Nel Documento di economia e finanza (Def) approvato il 6 aprile dal Consiglio dei ministri si parla di una possibile carenza di gas fino al 18% delle importazioni complessive italiane in volume nel 2022, se non si riuscirà a sostituire il gas oggi proveniente da Mosca diversificando le rotte di approvvigionamento.

Intanto il Consiglio Ue ha adottato oggi il quinto pacchetto di sanzioni contro la Russia che prevede, tra le altre cose, un blocco delle importazioni di carbone dal prossimo agosto (il valore stimato di queste importazioni è pari a 8 miliardi di euro/anno).

Mentre ieri, giovedì 7 aprile, il Parlamento Ue ha approvato una risoluzione in cui chiede (neretti nostri nelle citazioni) “un embargo totale e immediato sulle importazioni russe di petrolio, carbone, combustibile nucleare e gas, e sollecita […] a presentare un piano volto a continuare ad assicurare la sicurezza dell’approvvigionamento energetico dell’Ue”.

Le sanzioni potrebbero essere revocate “nel caso in cui la Russia adotti provvedimenti intesi a ripristinare l’indipendenza, la sovranità e l’integrità territoriale dell’Ucraina entro i suoi confini riconosciuti a livello internazionale e ritiri completamente le proprie truppe dal territorio ucraino”.

Si chiede inoltre di iniziare a lavorare “alla creazione di un’unione del gas, basata sull’acquisto congiunto di gas da parte degli Stati membri“.

Gli scenari di rischio del Def

Come caso limite, nel Def si è ipotizzato un blocco delle esportazioni di gas e petrolio da fine aprile 2022 e per tutto il 2023, stimando un consumo annuo in Italia (anno solare) di 74 miliardi di metri cubi di gas nel 2022 e 72,5 miliardi di mc nel 2023.

Partendo da tali valutazioni, si legge nel documento (neretti nostri), “un primo scenario ipotizza che le aziende del settore sarebbero in grado di assicurare le forniture di gas necessarie al Paese grazie ad un incremento delle importazioni dai gasdotti meridionali, un maggior utilizzo di Lng (la capacità di rigassificazione aumenterebbe sensibilmente già nel 2023) e un aumento, inizialmente modesto ma crescente nel tempo, della produzione nazionale di gas naturale e biometano”.

Tuttavia, si assisterebbe a un ulteriore rincaro dei prezzi energetici.

Il prezzo del gas sul mercato all’ingrosso nazionale, che a fine marzo era intorno ai 100 €/MWh, “seguirebbe un sentiero più elevato rispetto agli attuali prezzi a termine, portandosi in media al di sopra di 200 €/MWh del periodo novembre 2022-febbraio 2023 (contro una media di 90,8 €/MWh nel periodo novembre 2021-febbraio 2022).

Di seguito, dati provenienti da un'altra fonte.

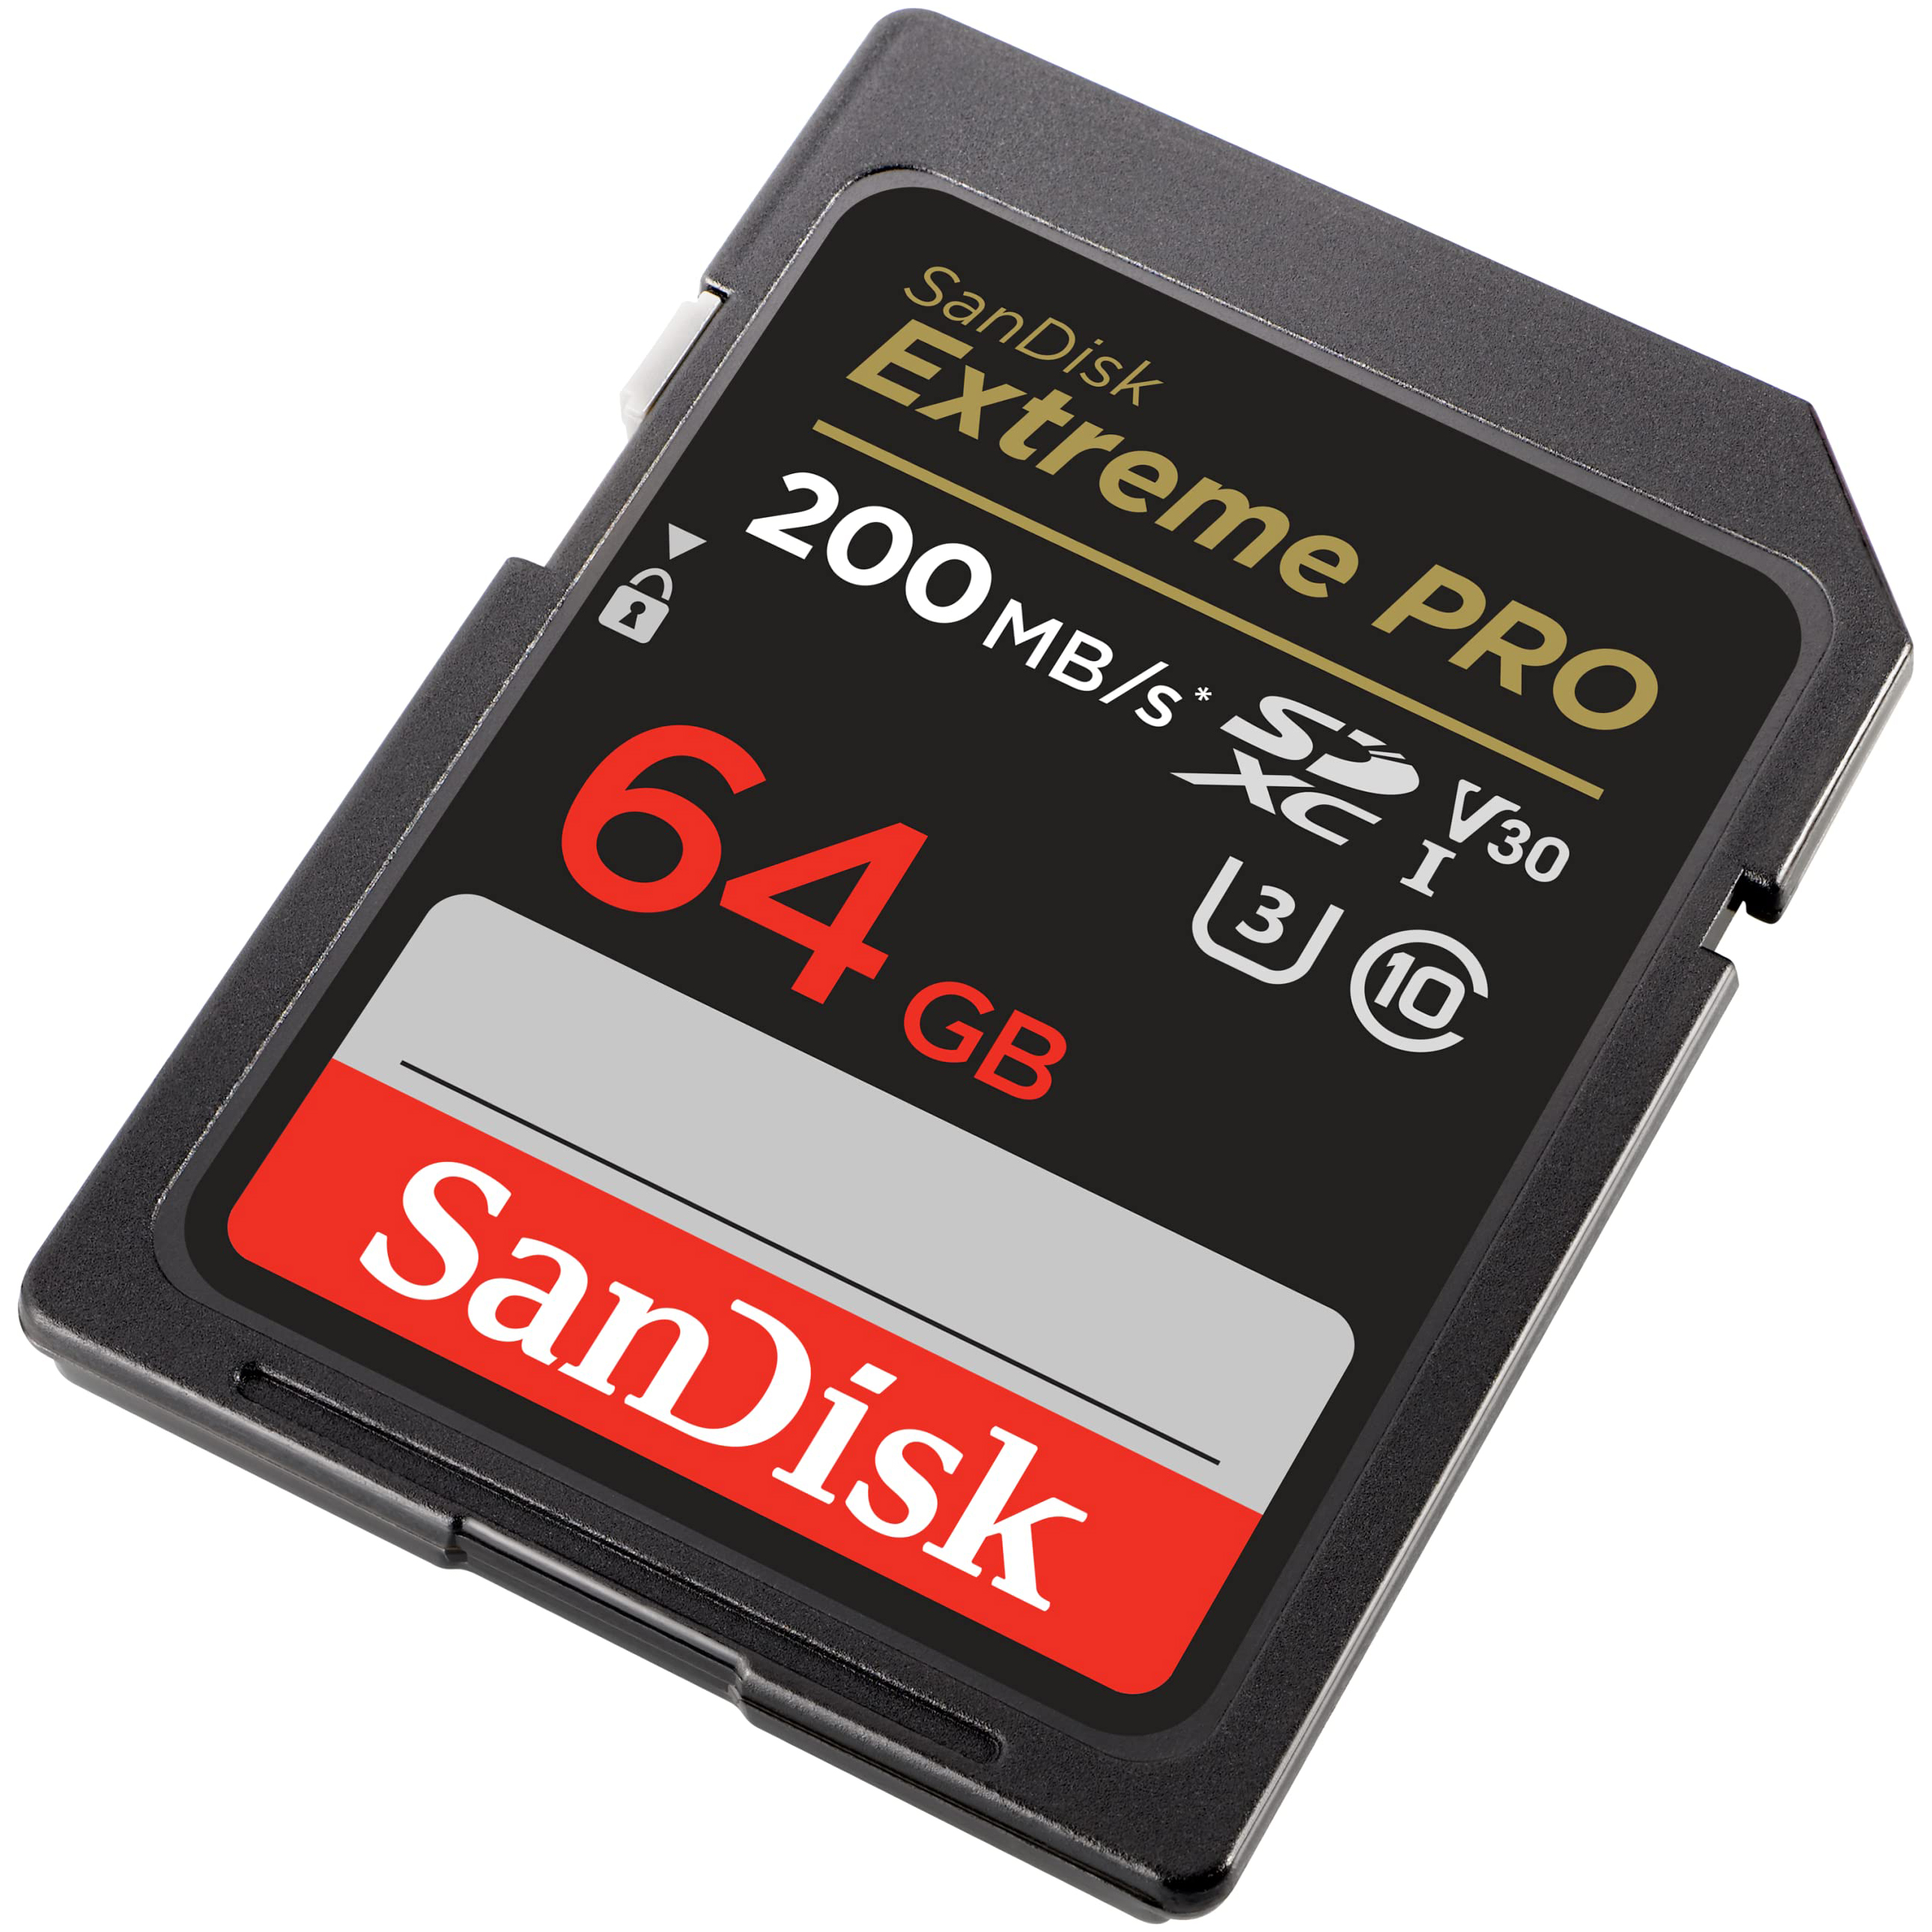 Thẻ nhớ SD 64GB SanDisk Extreme Pro 200 MB/s bảo hành 5 năm

Nei mesi successivi e fino alla fine del 2023, il prezzo sarebbe pari a circa il doppio degli attuali livelli dei futures sulle scadenze corrispondenti”.

Mentre il Pun salirebbe a circa 379 €/MWh tra novembre 2022 e febbraio 2023 contro un livello attuale di circa 250 €/MWh.

Stando alle simulazioni, questo boom dei prezzi energetici toglierebbe 0,8 punti percentuali alla crescita del Pil italiano nel 2022 e 1,1 punti nel 2023, in confronto allo scenario tendenziale.

In un altro scenario, però, si ipotizza che le soluzioni per diversificare gli approvvigionamenti non diano i risultati desiderati per diversi problemi (tecnici, climatici, geopolitici) e che anche gli altri Paesi Ue debbano fronteggiare carenze di gas.

In questo caso l’Italia potrebbe avere “una carenza di gas pari al 18 per cento delle importazioni in volume nel 2022 e al 15 per cento delle importazioni nel 2023” mentre i prezzi di elettricità e gas sarebbero ancora più alti di un 10% circa rispetto al primo scenario di rischio. Inoltre, si avrebbe una caduta del Pil in confronto allo scenario tendenziale di 2,3 punti percentuali nel 2022 e 1,9 punti nel 2023.